Take the example of predictive scoring — an application of AI that’s already being widely used by B2B marketers.
Let’s say that a common thread among a company’s big-deal accounts is that they’re all using a particular technology or set of technologies, or that they all have a certain sized sales team. No human marketer has the capacity to pick through all the data to connect the dots and recognize that trend — it’s hard enough keeping track of all the “top-level” segments we actually know to look out for, like industry, company size, geographic location, etc.
Even a more basic machine-learning AI model would similarly miss this subtle pattern, as no one would know to instruct it to look for that particular pattern/rule. But a Deep Learning predictive model could pick this pattern up by itself. This would provide a highly valuable insight to inform your lead or account scoring, as well as future marketing strategies, which otherwise would have been missed.
There are other, more ambitious potential applications of Deep Learning as well, beyond enhancing existing AI technologies like predictive modeling. One such application is what we call “Look-alike Modeling” — using Deep Learning to not only understand who your ideal customers are, but to then actively delve into your white space and find more just like them.
Using advanced AI to prospect for net-new customers in this way is yet another step towards the ultimate goal of AI, which is…
Automation: The future of data management
This is one of the central, strategic goals marketing organizations should be aiming for with AI: automating the extremely tedious, humanly-impossible task of data management from beginning to end.
In fact, a recent survey of senior B2B marketers revealed that “data management” was the aspect of their job they most disliked. Of course, this makes sense: on the one hand it’s a task that can never be completed optimally by a human being (or even more than one). But on the other hand, it needs to be done — so it ends up sucking enormous amounts of time from the average marketer’s day which could be used creating original campaigns, or executing other important tasks. And still the results are often unsatisfactory!
AI holds the potential to free Marketing (and Sales) from the constraints of data management and enable them to focus on doing the central aspects of their job better.

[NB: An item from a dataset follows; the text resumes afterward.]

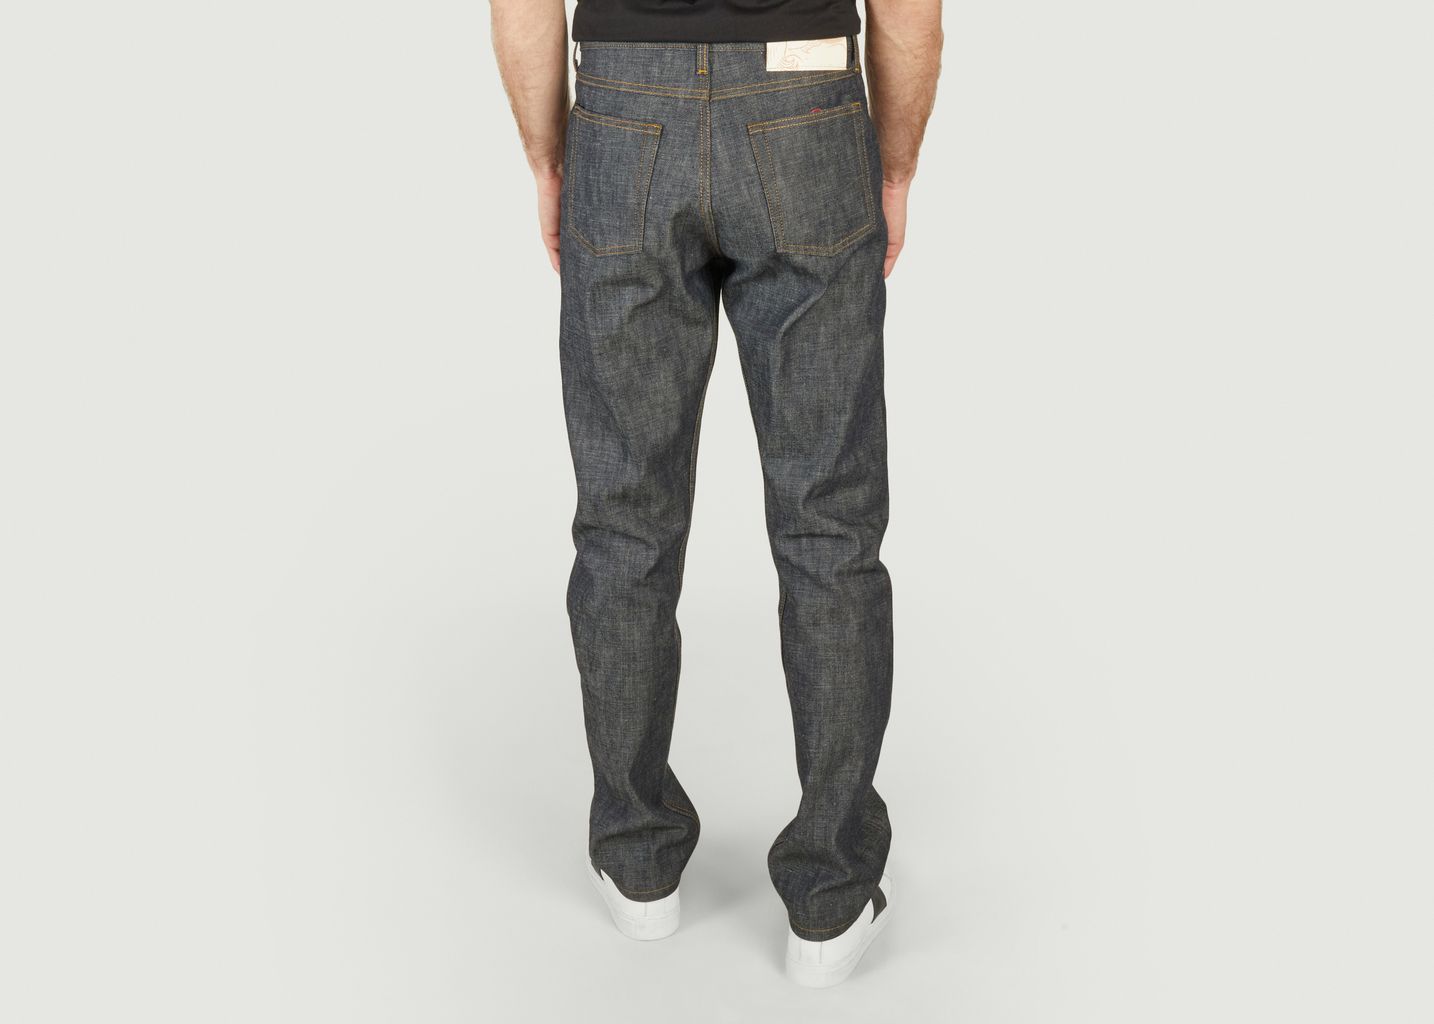 Jean Tried & True Selvedge True Guy - Naked and Famous

This, incidentally, relates back to the Zuckerberg vs. Musk debate — one that has actually been raging over AI for many years. There have always been prophets of doom predicting that Artificial Intelligence will eventually take all of our jobs and trigger mass unemployment. What these naysayers don’t realize is that on the ground AI isn’t really replacing that many human jobs; rather, it’s helping automate tasks that humans just aren’t as well suited for, and thereby helping us to actually excel more at our jobs.